Palestrina was a highly proficient and acclaimed composer of the Italian Renaissance who produced a large body of sacred music. He is best-known as the 16th Century representative of the Roman School of Musical Composition. Palestrina’s works are seen as the pinnacle of Renaissance polyphony.

Giovanni was born around 1525 in the town of Palestrina, near Rome. He first visited Rome in 1537, where he is listed as a chorister at the Santa Maria Maggiore basilica. Palestrina spent most of his career in that city. His music was greatly influenced by the Northern European style of  polyphony of the highly renowned Netherlandish composers Guillaume Dufay and Josquin des Prez. Until the arrival of Palestrina, Italy had yet to produce musicians of comparable skills or fame.

Palestrina’s first published compositions—a book of Masses—made such a favorable impression on Pope Julius III that in 1551, he appointed Palestrina as “Maestro di Cappella” of the Cappella Giulia. During the following decade Palestrina held many positions quite similar to his position at the Julian Chapel at other chapels and churches in Rome, most prominently the Saint John Lateran (a position previously held by Orlando di Lasso) and St. Mary Major. In 1571, Palestrina returned to the Julian Chapel and remained there for the rest of his life.

The decade of the 1570s was very difficult and burdensome for Palestrina as he lost his brother, two of his sons, and his wife due to outbreaks of the plague. During this time, Palestrina even considered becoming a Priest but he remarried to a wealthy widow.
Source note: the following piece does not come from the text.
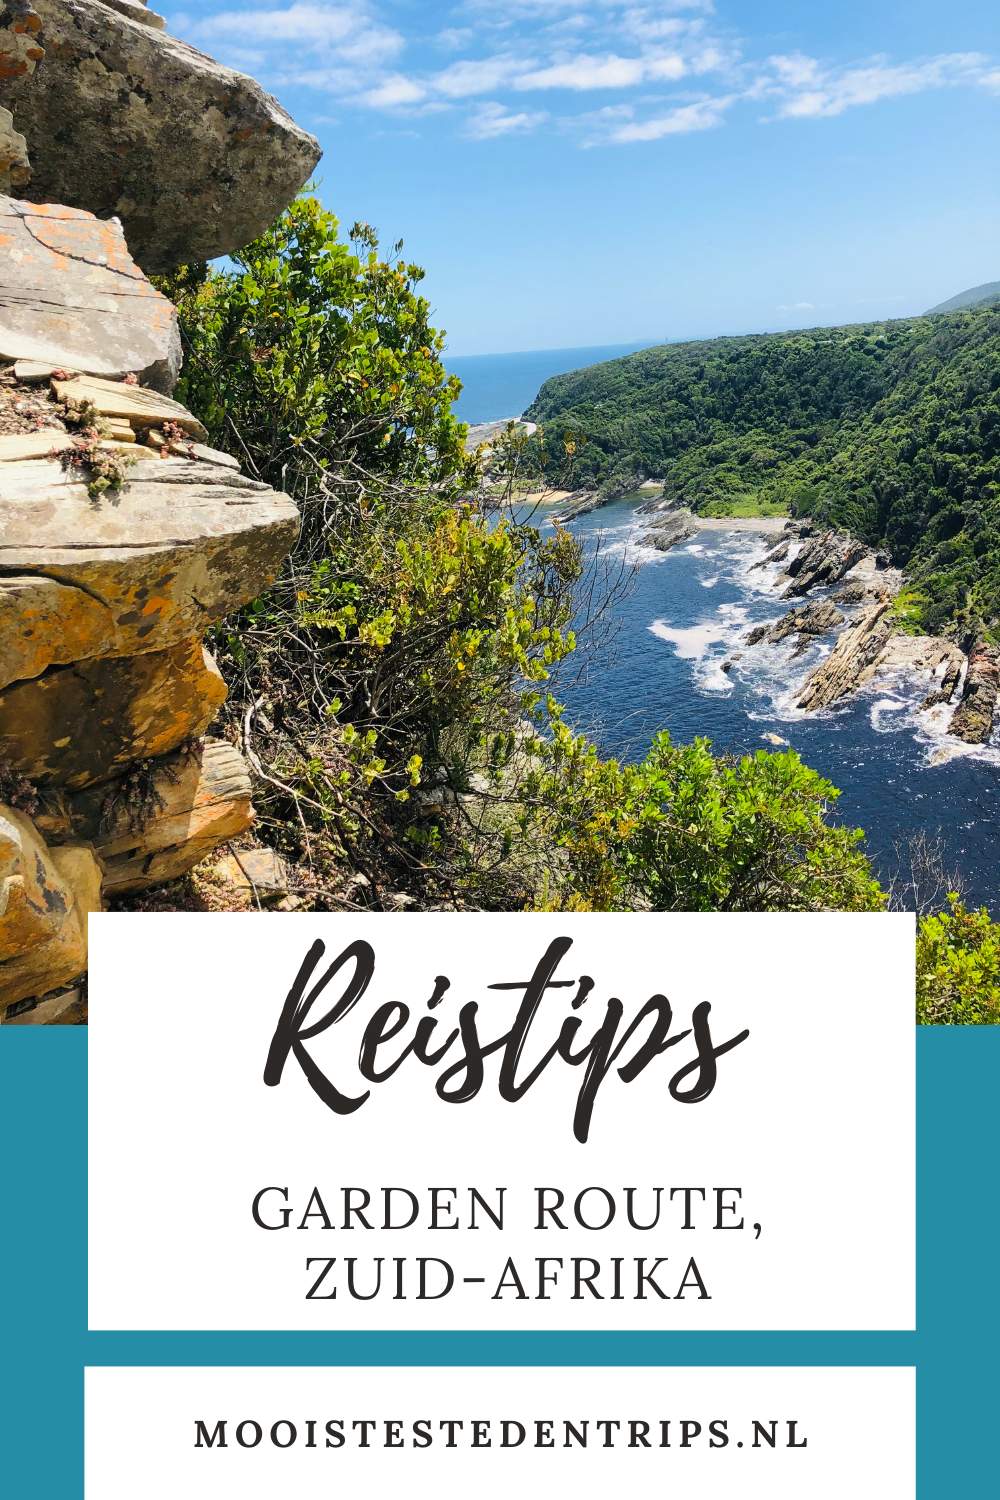 Tuinroute, Zuid-Afrika: tips voor je rondreis langs de Garden Route in Zuid-Afrika | Mooistestedentrips.nl

As a result of this marriage, Palestrina became financially independent which allowed him to later compose prolifically and magnificently until his death.

Palestrina left hundreds of compositions including 105 masses, 68 offertories, about 140 madrigals, over 300 motets, 72 hymns, 35 magnificats, 11 litanies, and four or five sets of lamentations. The “Gloria” melody from one of Palestrina’s magnificat is still universally used in the resurrection hymn tune, “Victory” The Strife is O’er. Palestrina’s masses show how his compositional style refined over time. His “Missa Sine Nomine” seems to have been exceptionally enticing to Johann Sebastian Bach who studied and performed it whilst writing his now famous Mass in B minor.

Most of Palestrina’s masses appeared in thirteen volumes all printed between 1554 and 1601—the last seven however, published after his death. One of the trademarks of Palestrina’s music is that dissonances are typically consigned to the “weak” beats in a measure allowing for a smoother and more consonant type of polyphony which is now considered to be definitive of Late Renaissance music, giving Palestrina his position as Europe’s leading composer along with Orlando di Lasso in the wake of Josquin des Prez.

Palestrina died in Rome of pleurisy in 1594. Palestrina was buried on the same day he died, in a plain coffin with a lead plate on which was inscribed Libera me Domine. A five-part psalm for three choirs was sung at the funeral. Palestrina’s funeral was held at St. Peter’s, and he was buried beneath the floor of the Basilica.

To this day , the “Palestrina Style” serves as a basis for college Renaissance counterpoint classes, mostly thanks to definitive effort of the 18th century composer and theorist, Johann Joseph Fux, who created a book known as “Gradus ad Parnassum” set about cataloging and classifying Palestrina’s style and techniques as instructional tools for students of composition.